Friday, April 22, 2011

DisasterJapan: Technics: American robots examine nuke plant's innards

Nasdaq (Apr17,2k11)



refWrite editorial comment:  The news story introduced below vaguely moves in a counter-direction to the news we hear from Japan since the earthquake, tsunami, flood, and nuclear near-meltdown.  Just in the last few days, another quake hit the Honshu area in Japan.  In the midst of all the disaster news and the rehabilitation efforts of the Japanese people, govt, outside help and support from many nations and organizations, and the work of Christian aid organizations and those of other religions including Buddhists (Japan's majority religion), this infobit regarding the deployment of very advanced robotry creates a precedent for future h+tech solutions.  As in the case of war technology, such developmental deployments will have applications outside the "realm" of nuclear radiation, and also outside the "realm" of natural disaster.  We can't predict where, as the deployment of the iRobot-made technical apparatus utilizes an innovation on a scale for a purpose that simultaneously tests it and in the very utilization/testing stretches the innovation process.

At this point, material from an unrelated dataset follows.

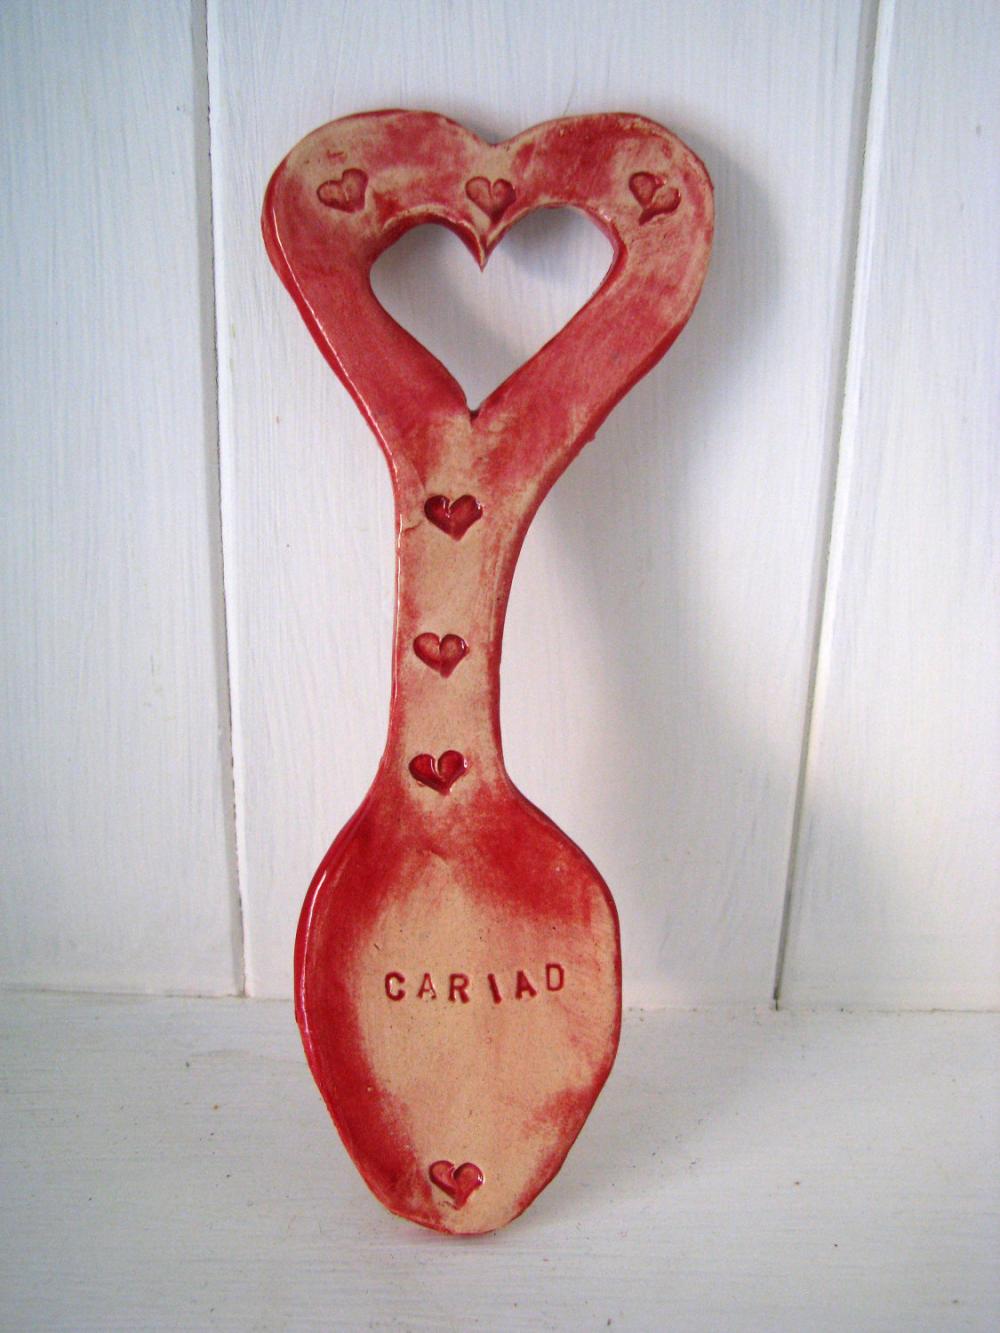 Cariad (love In Welsh) Ceramic Lovespoon. Made In Wales, Uk. Ready To Ship.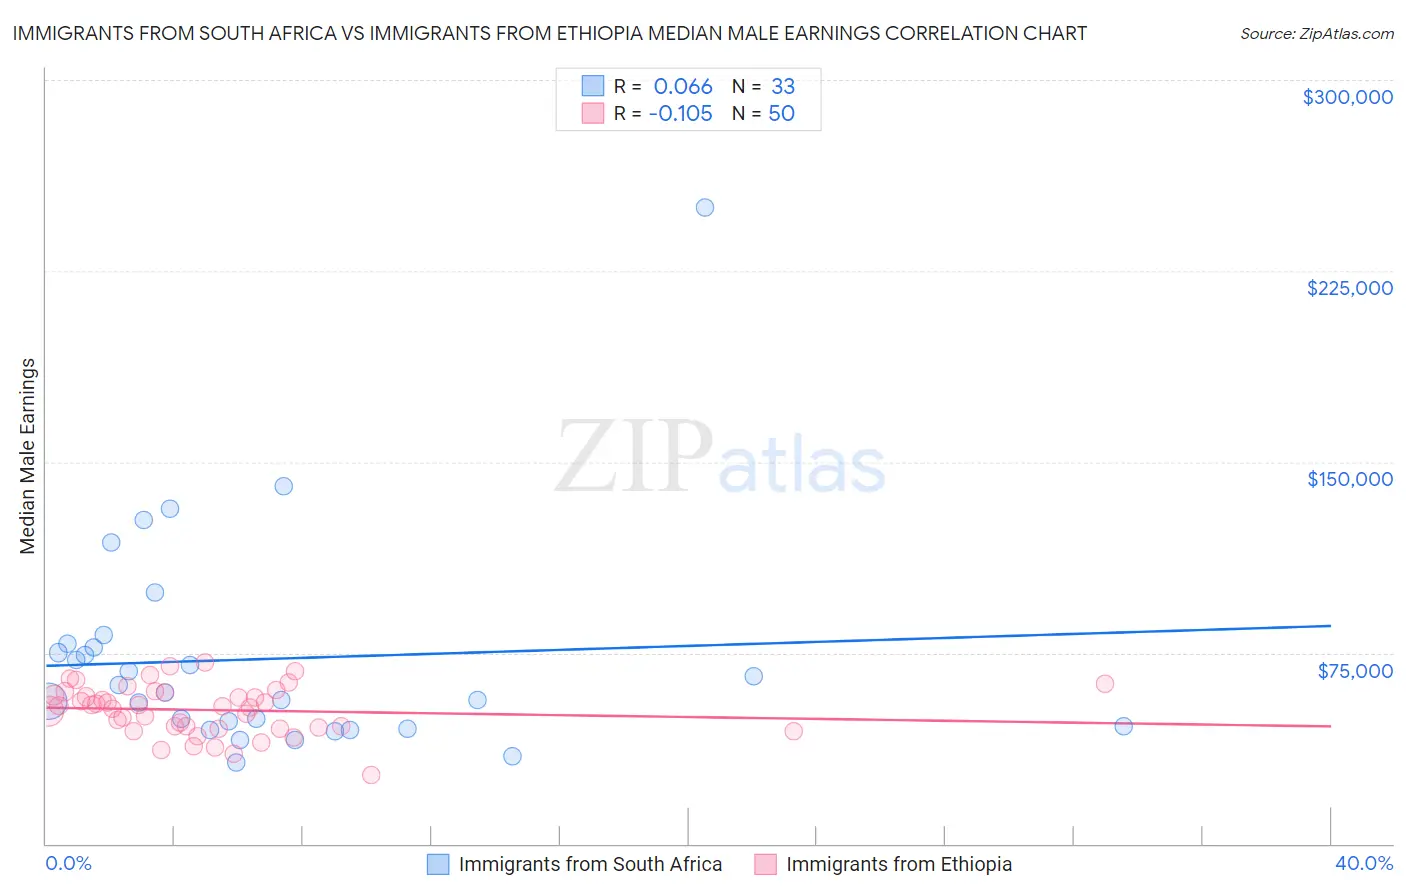 Immigrants from South Africa vs Immigrants from Ethiopia Median Male Earnings

Robotry is being used to do a marvellous thing, and offers promise of further applications to other kinds of problems (God forbid, we shoud have to use it again for runaway nuke radiation).  "Mixed and uneven development" where a good emerges from a horrible vast bad.  The robotry itself can be used for good, but it can also be used for extremely negative purposes; we need to keep reminding ourselves of this mixed actuality.

-- EconoMix



US-made Robots to examine 


inside of Japan nuclear plant



TOKYO (Dow Jones) A U.S.-made robot built for bomb disposal were set to make its way into a reactor building at the Fukushima Daiichi nuclear power plant on Sunday to find out whether conditions were safe enough for workers to begin badly needed measures to put the crippled plant under control.
The "Packbot", made by U.S. firm iRobot Corp, will measure radiation and oxygen levels as well as the temperature inside the building, the plant's operator, Tokyo Electric Power Company  said.